--- Task input Enclosed Below ---

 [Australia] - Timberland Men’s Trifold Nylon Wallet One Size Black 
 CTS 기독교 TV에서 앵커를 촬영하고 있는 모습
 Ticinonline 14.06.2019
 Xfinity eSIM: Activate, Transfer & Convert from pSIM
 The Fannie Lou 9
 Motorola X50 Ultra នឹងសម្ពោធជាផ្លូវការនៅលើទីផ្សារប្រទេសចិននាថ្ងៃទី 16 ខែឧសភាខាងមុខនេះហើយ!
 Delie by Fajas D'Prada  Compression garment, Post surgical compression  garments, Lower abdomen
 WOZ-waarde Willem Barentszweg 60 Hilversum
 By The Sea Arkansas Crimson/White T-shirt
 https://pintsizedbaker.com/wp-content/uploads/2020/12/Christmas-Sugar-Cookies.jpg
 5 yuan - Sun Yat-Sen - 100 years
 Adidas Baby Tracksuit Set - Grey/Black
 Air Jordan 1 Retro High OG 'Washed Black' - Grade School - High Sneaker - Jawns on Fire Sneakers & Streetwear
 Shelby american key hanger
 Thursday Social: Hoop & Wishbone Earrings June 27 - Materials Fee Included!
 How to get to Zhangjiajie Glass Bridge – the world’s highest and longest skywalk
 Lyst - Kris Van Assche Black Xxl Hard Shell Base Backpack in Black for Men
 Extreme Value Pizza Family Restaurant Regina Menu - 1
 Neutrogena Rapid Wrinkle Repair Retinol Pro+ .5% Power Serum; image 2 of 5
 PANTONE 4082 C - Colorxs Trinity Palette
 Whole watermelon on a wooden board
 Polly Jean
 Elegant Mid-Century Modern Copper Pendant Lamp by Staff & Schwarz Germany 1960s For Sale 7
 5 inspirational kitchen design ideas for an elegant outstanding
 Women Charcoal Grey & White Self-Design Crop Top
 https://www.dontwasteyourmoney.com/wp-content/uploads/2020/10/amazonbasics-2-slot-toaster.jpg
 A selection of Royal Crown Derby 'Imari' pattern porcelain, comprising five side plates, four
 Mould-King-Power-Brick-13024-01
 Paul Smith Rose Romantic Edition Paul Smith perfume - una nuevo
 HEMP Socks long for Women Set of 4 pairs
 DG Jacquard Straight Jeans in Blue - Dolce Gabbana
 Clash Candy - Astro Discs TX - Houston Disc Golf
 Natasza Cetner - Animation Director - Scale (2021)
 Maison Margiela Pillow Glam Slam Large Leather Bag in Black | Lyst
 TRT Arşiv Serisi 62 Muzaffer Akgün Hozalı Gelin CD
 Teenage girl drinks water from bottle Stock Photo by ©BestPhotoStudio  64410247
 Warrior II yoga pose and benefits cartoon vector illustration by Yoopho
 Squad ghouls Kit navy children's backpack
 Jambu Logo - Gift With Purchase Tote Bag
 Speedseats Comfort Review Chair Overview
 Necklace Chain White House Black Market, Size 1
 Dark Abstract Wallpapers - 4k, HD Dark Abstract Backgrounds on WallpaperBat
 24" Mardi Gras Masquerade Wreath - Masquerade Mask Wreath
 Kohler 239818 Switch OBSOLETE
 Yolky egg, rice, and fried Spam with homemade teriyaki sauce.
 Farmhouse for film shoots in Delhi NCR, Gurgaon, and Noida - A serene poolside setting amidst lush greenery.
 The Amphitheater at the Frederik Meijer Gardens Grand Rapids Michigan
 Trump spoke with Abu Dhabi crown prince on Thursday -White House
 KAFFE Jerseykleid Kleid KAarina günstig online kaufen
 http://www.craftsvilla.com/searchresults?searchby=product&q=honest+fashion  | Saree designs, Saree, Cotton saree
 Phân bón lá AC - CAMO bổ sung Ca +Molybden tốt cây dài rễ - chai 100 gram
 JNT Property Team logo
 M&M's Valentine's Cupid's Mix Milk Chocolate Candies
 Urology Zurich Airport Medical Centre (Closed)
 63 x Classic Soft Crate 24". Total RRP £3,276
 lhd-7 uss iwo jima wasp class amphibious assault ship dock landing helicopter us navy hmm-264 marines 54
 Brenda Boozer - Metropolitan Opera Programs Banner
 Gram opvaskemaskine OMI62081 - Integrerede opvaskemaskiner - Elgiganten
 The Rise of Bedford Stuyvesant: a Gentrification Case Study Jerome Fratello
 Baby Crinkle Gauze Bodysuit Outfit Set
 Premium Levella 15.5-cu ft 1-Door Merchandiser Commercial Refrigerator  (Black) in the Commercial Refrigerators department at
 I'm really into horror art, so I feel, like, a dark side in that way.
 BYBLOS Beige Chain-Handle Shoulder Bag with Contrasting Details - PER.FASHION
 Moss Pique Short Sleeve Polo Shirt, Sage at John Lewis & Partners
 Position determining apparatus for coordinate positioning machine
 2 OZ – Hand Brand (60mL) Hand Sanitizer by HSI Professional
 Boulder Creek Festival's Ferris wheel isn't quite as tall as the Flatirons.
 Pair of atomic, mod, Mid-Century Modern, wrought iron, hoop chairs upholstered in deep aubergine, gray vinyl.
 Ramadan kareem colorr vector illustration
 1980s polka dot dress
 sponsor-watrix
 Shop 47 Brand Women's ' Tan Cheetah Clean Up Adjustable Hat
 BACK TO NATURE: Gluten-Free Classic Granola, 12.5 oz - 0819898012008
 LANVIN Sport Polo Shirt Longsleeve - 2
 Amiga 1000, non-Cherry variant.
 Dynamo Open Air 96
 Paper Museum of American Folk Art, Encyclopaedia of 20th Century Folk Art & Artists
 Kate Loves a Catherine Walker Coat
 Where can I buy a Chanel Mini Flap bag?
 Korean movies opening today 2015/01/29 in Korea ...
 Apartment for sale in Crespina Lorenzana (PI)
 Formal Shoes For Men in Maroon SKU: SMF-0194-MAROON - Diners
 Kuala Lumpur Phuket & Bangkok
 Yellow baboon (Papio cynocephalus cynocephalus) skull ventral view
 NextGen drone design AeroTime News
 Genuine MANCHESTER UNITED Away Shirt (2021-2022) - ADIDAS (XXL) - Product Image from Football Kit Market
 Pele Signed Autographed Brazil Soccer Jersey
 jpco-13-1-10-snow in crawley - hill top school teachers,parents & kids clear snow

--- End of Enclosed Task input ---

▸ Goal of the exercise
Nothing beyond the lines from the start of the entries through the line with "Motorola X50 Ultra" should appear. Repeat those lines exactly, both ends included.

▸ Finished task
 [Australia] - Timberland Men’s Trifold Nylon Wallet One Size Black 
 CTS 기독교 TV에서 앵커를 촬영하고 있는 모습
 Ticinonline 14.06.2019
 Xfinity eSIM: Activate, Transfer & Convert from pSIM
 The Fannie Lou 9
 Motorola X50 Ultra នឹងសម្ពោធជាផ្លូវការនៅលើទីផ្សារប្រទេសចិននាថ្ងៃទី 16 ខែឧសភាខាងមុខនេះហើយ!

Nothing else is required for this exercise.